# Canary Islands - Anfi resorts



## Margariet (Sep 13, 2011)

I have read good things about the Anfi resorts on Gran Canaria. We are thinking of going there next year. I know that there are a few Canarian lovers on TUG who might have good advice for us! Which of the Anfi resorts would you advice? There is Anfi Beach Club, Club Gran Anfi, Club Monte Anfi, Club Puerto Anfi. Thanks if anyone can help me making a decision.


----------



## Conan (Sep 13, 2011)

We recently stayed at Anfi Beach Club via an RCI exchange. It has very convenient (free) parking, a good pool (except I thought the water was too warm), and the shortest walk to the beach compared to the other Anfi properties. The only drawback was that our unit (409) being at the east edge of the property had a nice garden view but no view of the water. Our floor was at the same level as the lobby and parking, three floors above the pool and beach. It's past the right edge of the picture below.

The other properties are more high-rise and thus more likely to give a sea view, although you'll have a long elevator ride for access. Puerto is at the far left of the picture, facing a marina. Gran is the large building in the left foreground. Monte is topmost, on the cliff.






For a longer view of the layout that includes a proper view of Anfi Beach Club (on the right beyond the palm trees), click here and wait ten seconds or so for a photo to load:
http://maps.google.com/?ie=UTF8&ll=...,-15.693691&cbp=12,0,,0,0&photoid=po-21445634


----------



## Cotswolder (Sep 13, 2011)

Margariet said:


> I have read good things about the Anfi resorts on Gran Canaria. We are thinking of going there next year. I know that there are a few Canarian lovers on TUG who might have good advice for us! Which of the Anfi resorts would you advice? There is Anfi Beach Club, Club Gran Anfi, Club Monte Anfi, Club Puerto Anfi.
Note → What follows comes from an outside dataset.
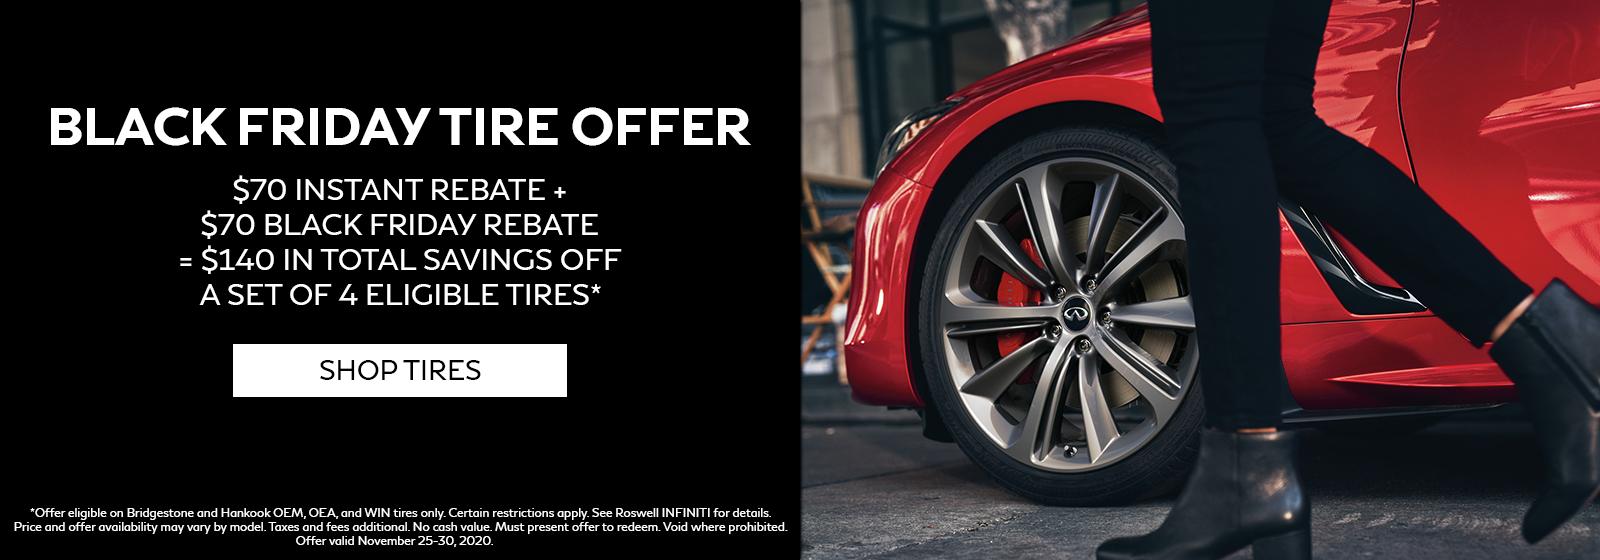 Black Friday Tire Offer

Thanks if anyone can help me making a decision.



Hi,
I owned at Anfi Beach Club for 15 years. Have sold up this year owing to my wife's health problems not allowing her to fly.

In that time I have visited Anfi 30 - 40 times and stayed in all parts.
IMHO, although the oldest, I still think that Anfi Beach Club is the best section to stay in. It does have some apartments with little or no view but, if you get a good one this part of the complex is by far the best.

I f you an allocation a want to know where the apartment is please contact me. I know nearly everyone by heart.


----------



## Margariet (Sep 13, 2011)

Thank you guys for all your info!  Looks like Anfi Beach is still the most favorite.


----------